Quello che il Giovio lo mandasse a quel paese e non gli pagasse nemmeno gli arretrati, visto che non aveva scoperto un bel niente.
Non che, dopo qualche giorno, ci si fosse impegnato più di tanto. Anzi, convinto che quelle del Notaro fossero solo ubbìe, aveva ripreso in pieno la sua attività di bracconiere piazzando trappole e mettendo in conto al Giovio quel tempo.
A tutto però c’era un limite, soprattutto alla pazienza di un essere come il Notaro. Il quale, tra l’altro, poteva avvalersi di chissà quanti altri occhi di spia oltre ai suoi, e quindi venire informato che lui lo stava bellamente prendendo per il culo.

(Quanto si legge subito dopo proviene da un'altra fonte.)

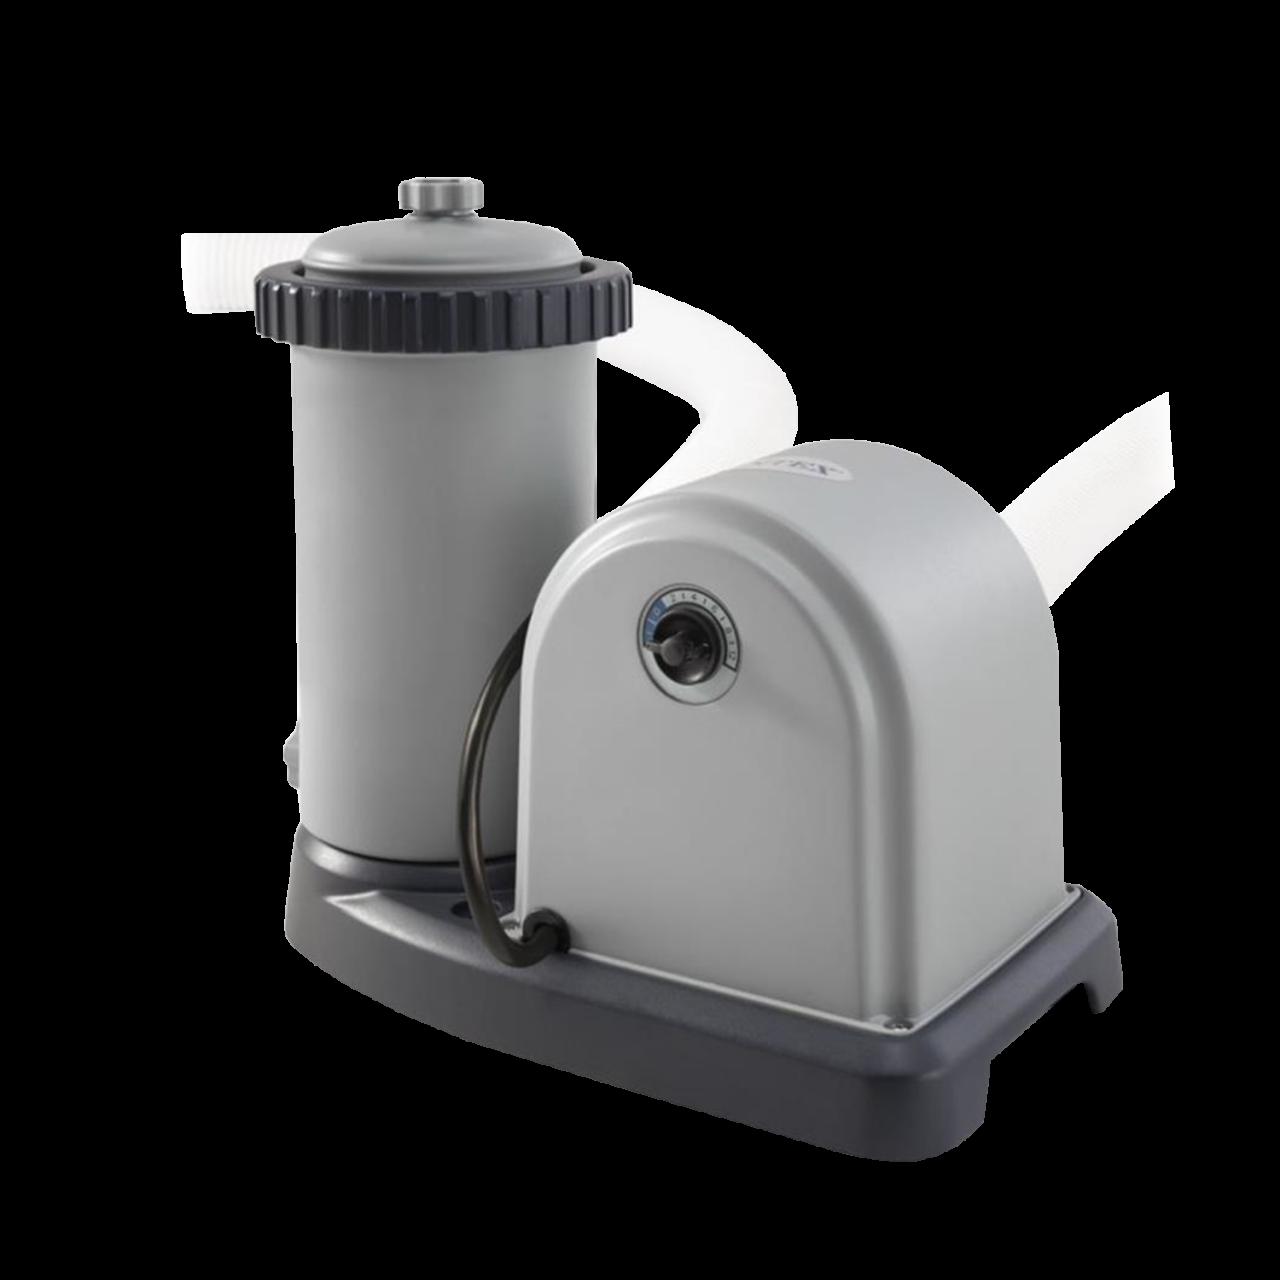 Intex 28636 Pool Filterpumpe 5678 l/h Schwimmbad Pumpe Filteranlage +1 Kartusche

Aveva quindi ripreso, o meglio, s’era dato l’ordine di mettere in atto senza deviazioni le direttive del Giovio e la prima sorpresa l’aveva colto quasi subito, una mattina in cui una nebbiolina, quella stessa dentro la quale si nascondevano i fiati delle lepri, si era piano piano dissolta.
«O bella!» aveva esclamato, rimproverandosi anche, perché di ciò che aveva sotto gli occhi avrebbe potuto, anzi dovuto accorgersi molto prima.
Figurarsi, uno come lui che si accorgeva di un rametto appena spezzato o di una betulla scortecciata da qualche capriolo!
La villa Coloni si era rivelata ai suoi occhi in una maestosa e inquietante solitudine.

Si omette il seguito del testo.